This sort of reminds me of this Photoshop course I was taking a while back. In one class, the instructor was teaching us how to swap heads in engagement photos. It is a little known fact that when you are shooting engagement photos with a digital camera, it is impossible to take a photo where both of the persons have their eyes open. So what you have to do is take a bunch of photos and then swap the head of say the guy with his eyes closed with the head of the guy with his eyes open from another photo. Sure, it is an egregious sin akin to condoning slavery, but if you want to make a living as an engagement photo photographer, you just have to man up and do it. Nobody is going to buy an engagement photo if one of the persons in it has their eyes closed. Either that or you have to shoot film because the problem never arose back when photographers shot film. This is what I mean about the need to remain flexible on these issues.
Your instructor seems to be of the "those who can't do, teach" school. Most digital cameras, as well as later film cameras, allow you to take multiple shots in rapid sequence.. You are bound to get lucky on a least one of them
I am not a photojournalist or documentarian, and have no qualms about digitally manipulating my images. My scanning workflow involves having my scanner software automatically open the images in PhotoShop where I can remove dust and scratches, adjust the levels control and reduce to 8 bits per channel and save the image. I then open in Lightroom and make further adjustments (since Lightroom doesn't change the original file). On one occasion I have merged two images into one for a large family portrait, but rarely do that.

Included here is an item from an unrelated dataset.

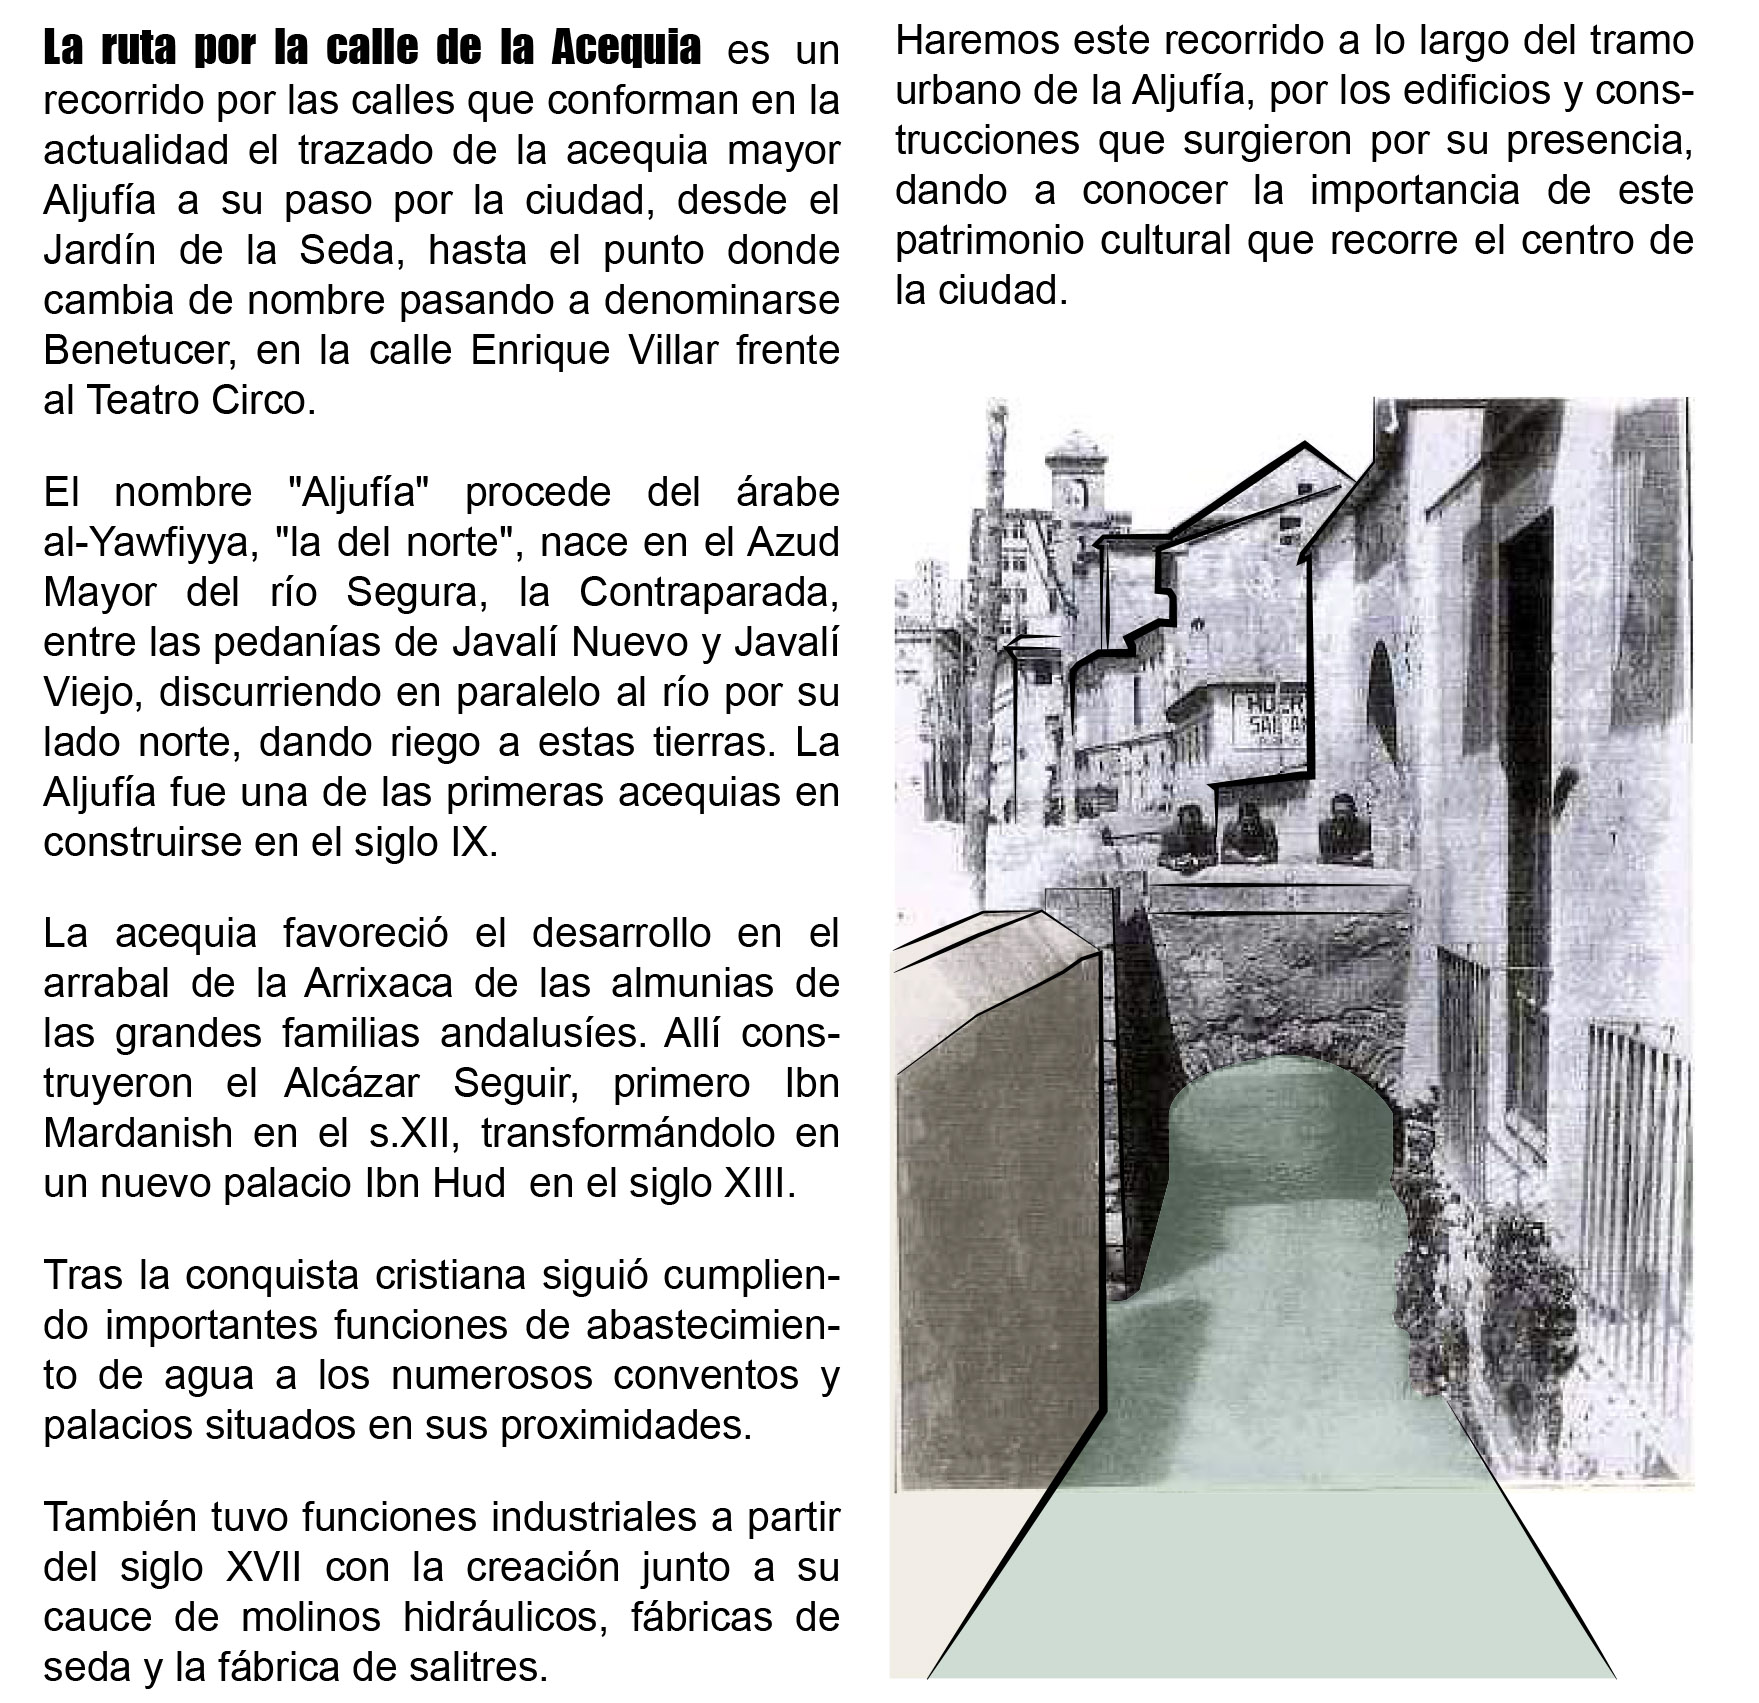 Cultura - Patrimonio - Murcia - Arquitectura de Barrio - La Calle de la Acequia

I mostly use photoshop to correct scanner limitations and issues with the goal of making the images not look photoshopped. I believe that I am a better judge of how an image should look than the scanner manufacturers, scanner driver authors, and scanner software authors: decisions are being made for me at every step, and it requires PhotoShop to correct these.
When I shoot color, I usually use Velvia 50. The world is not as bright and happy a place as it appears on Velvia. I grew up shooting that film about which we generally don't talk, but about which Paul Simon sang:
"Kodachrome
They give us those nice bright colors
Give us the greens of summers
Makes you think all the world's a sunny day, oh yeah"
The point of that song, as far as I can tell, is that our memories, and the photographs with which we support them, although authentic and "real" do not necessarily represent "reality".
My photographs, although generally not "doctored" do not really represent a documentary of my life.
I take photographs at weddings, but not at funerals.
I photograph street performers, not the homeless.
My albums are full of happy memories, not painful events.